Yes, Caoimhghín Ó Caoláin, SF TD for Cavan-Monaghan, has asked a useful question about waterways, one that doesn’t seem to have been designed to promote an insane restoration proposal. He asked for “the current and capital expenditure by Waterways Ireland in each of the years 2014 to 2016; the estimated level of current and capital expenditure for 2017″. The answer included this table:
Current spending comes 85% from the Free State and 15% from Norn Iron; capital spending is paid for by the administration in whose territory the montey is to be spent.
There may be a problem here in that I have a feeling that, if there is no NI Executive, spending is limited to 90% of the previous year’s figure [I am open to correction on this], which might cut the NI contribution to current spending: I presume that the RoI contribution would then be cut too, to maintain the 85:15 ratio.
The Minister for Fairytales also said that WI gets money from “third-party funding contributions towards specific projects and from its own income from licences and property.” However, its own income is pathetically small.

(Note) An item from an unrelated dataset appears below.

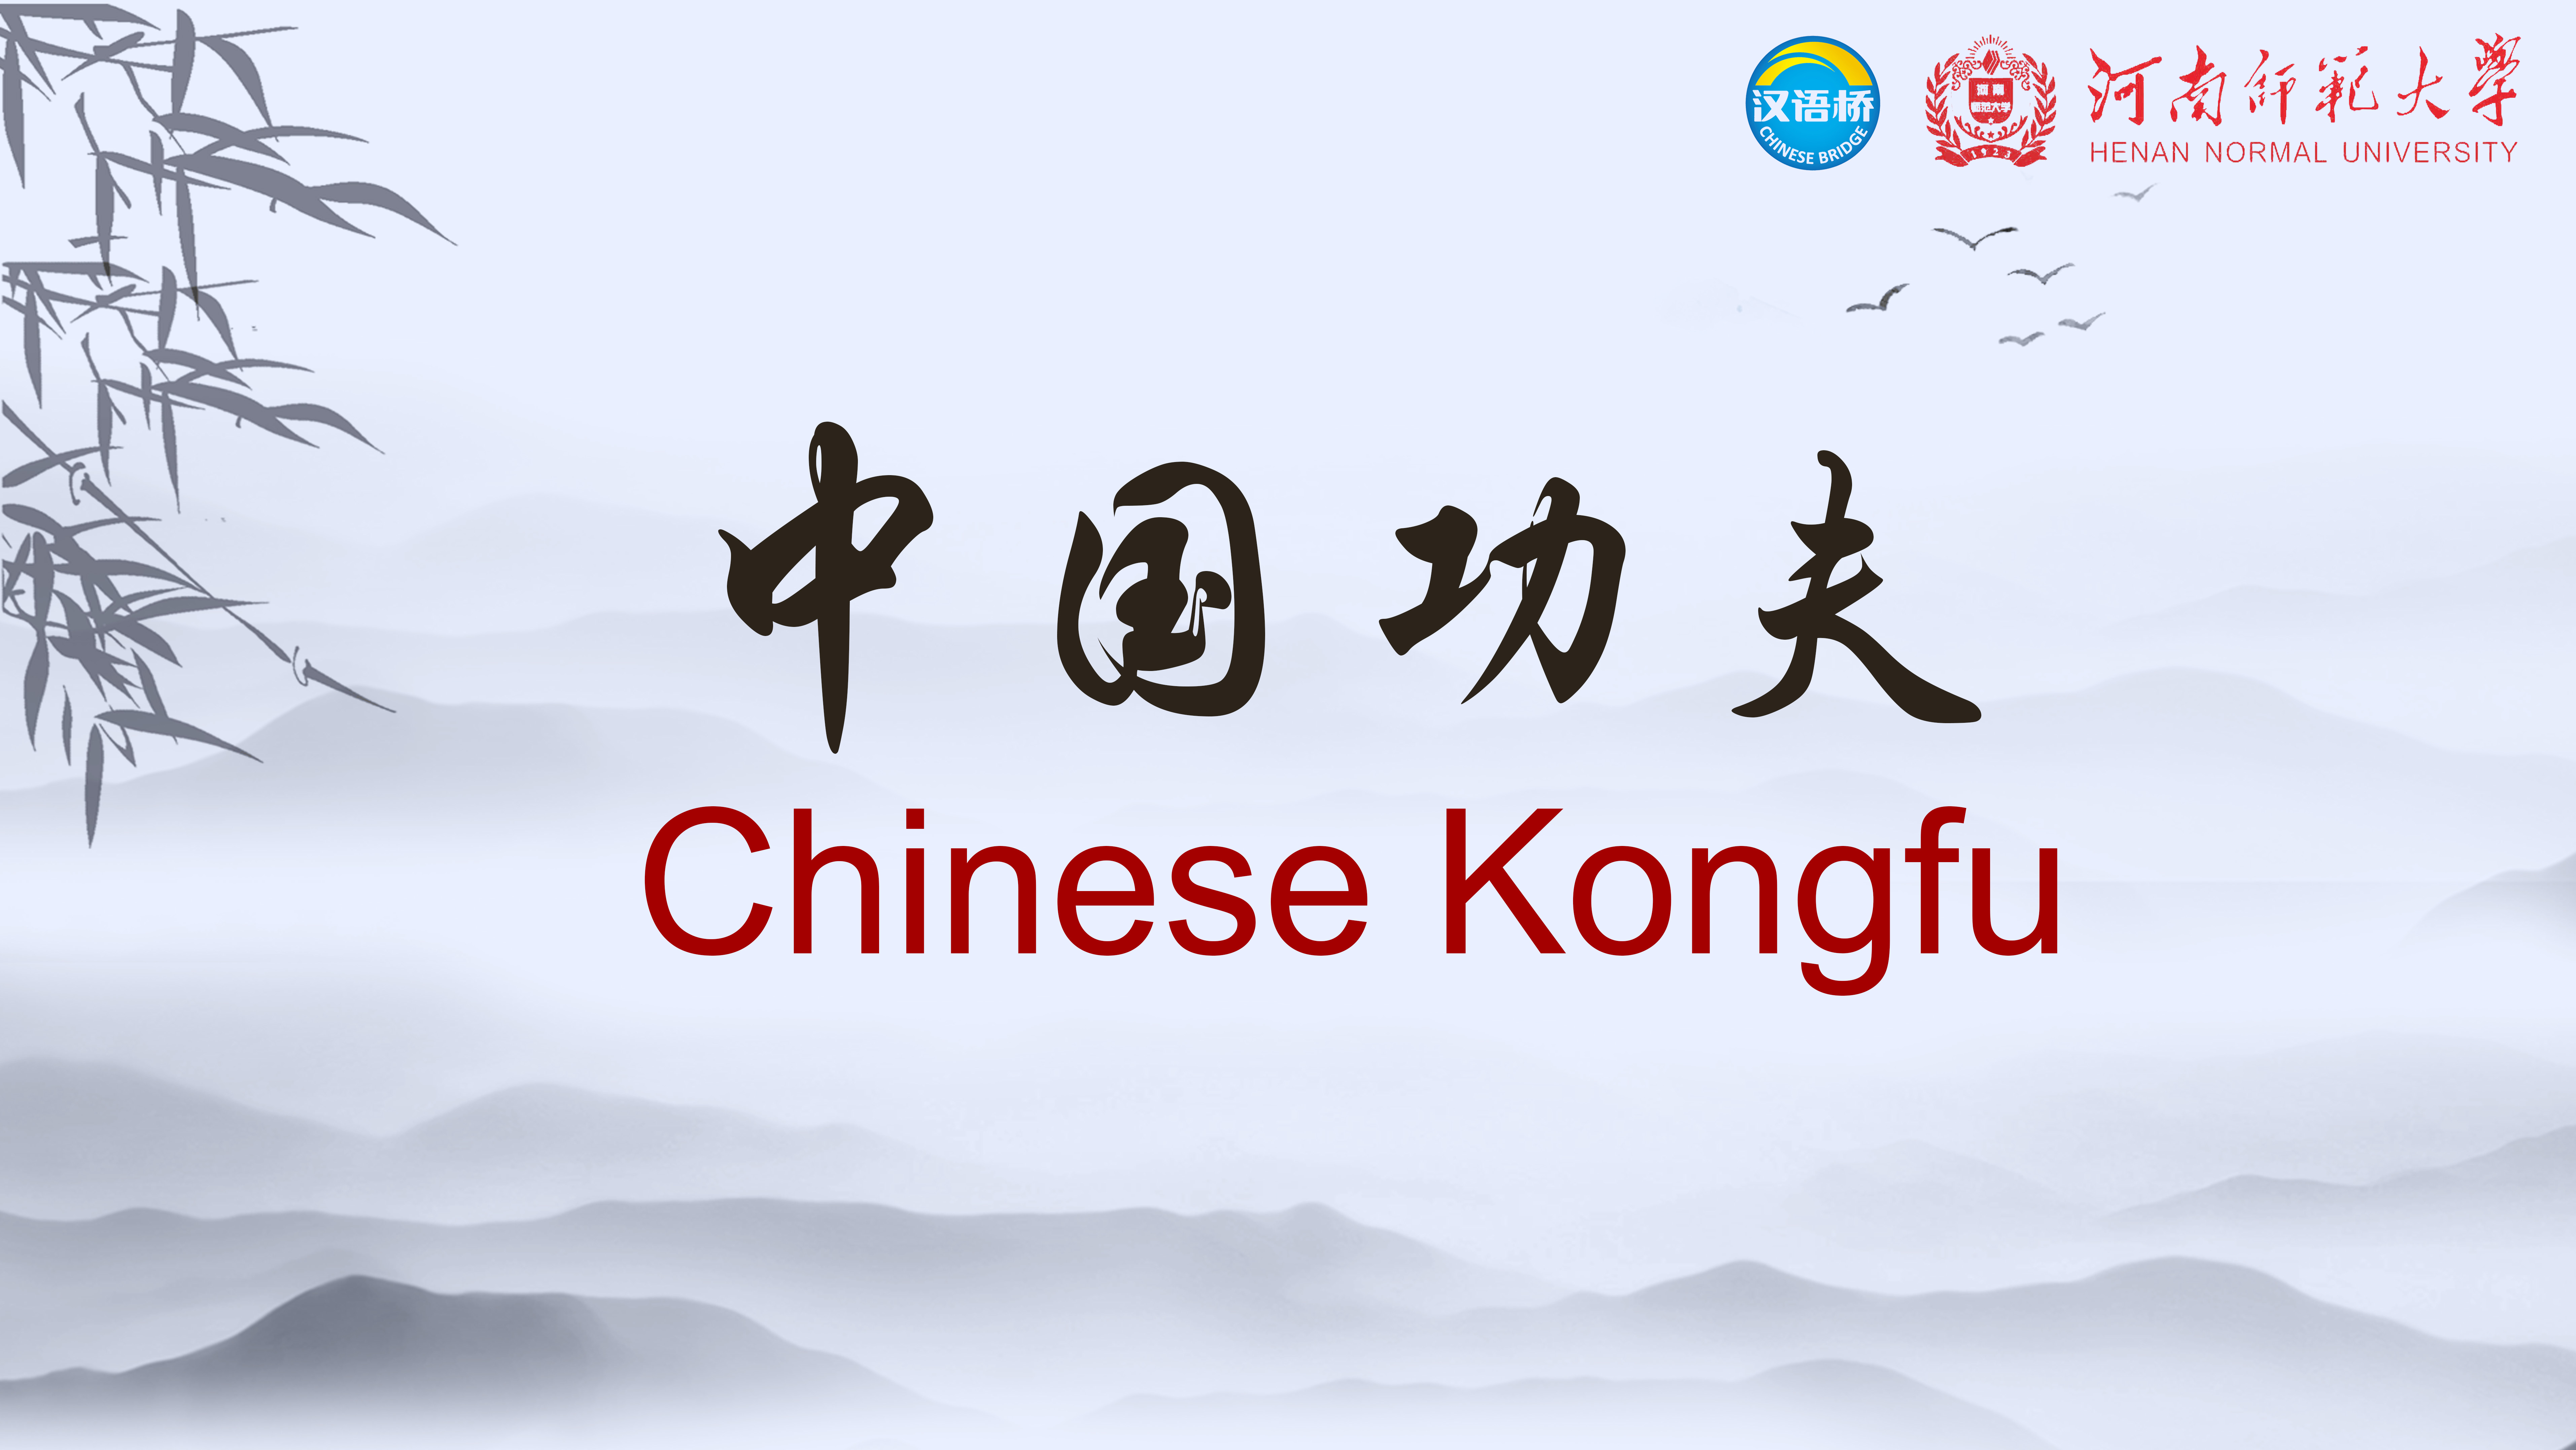 Chinese Kongfu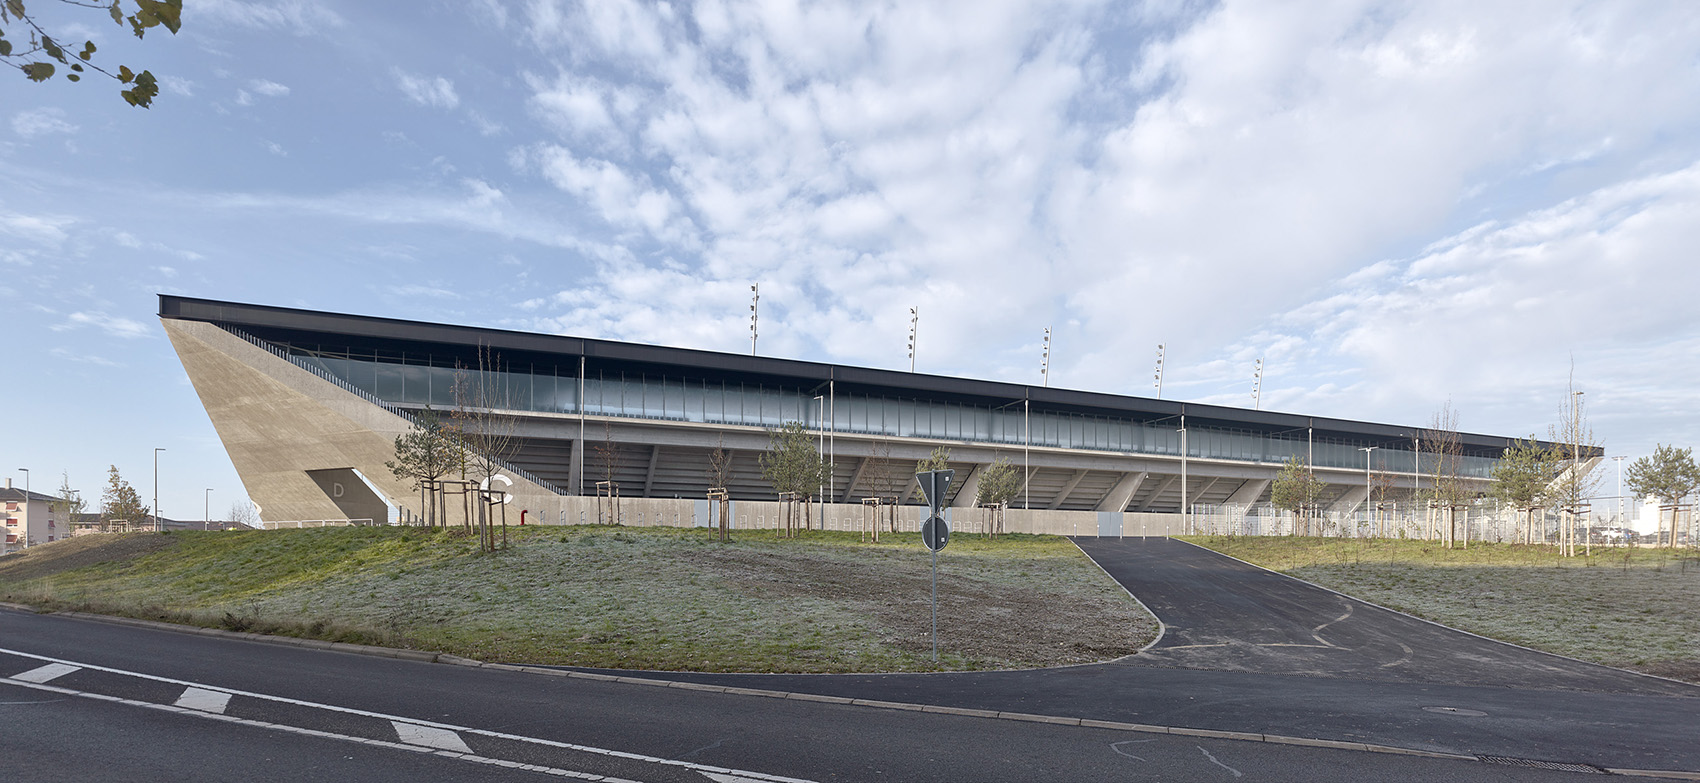 洛桑市新足球场馆，瑞士/散发宁静感的市郊体育设施-3

I am writing less about current waterways affairs because I’m concentrating on those of the nineteenth century (unlike Sinn Féin, which focuses on the eighteenth), but I did read WI’s Annual Report and Accounts for 2016 [PDF] with interest. Despite the considerable challenges it faces [including the pensions nightmare], the organisation has been expanding its range of activities and looking to new users and new uses. I hope that the Brexit hard border, which I suspect is now unavoidable, doesn’t completely bugger things up.
If it does, we might need to ask Sinn Féin whether it can think of anyone who could help smuggle motor-cruisers across the border to enable boats to move between the Shannon and the Erne. Perhaps their day will come.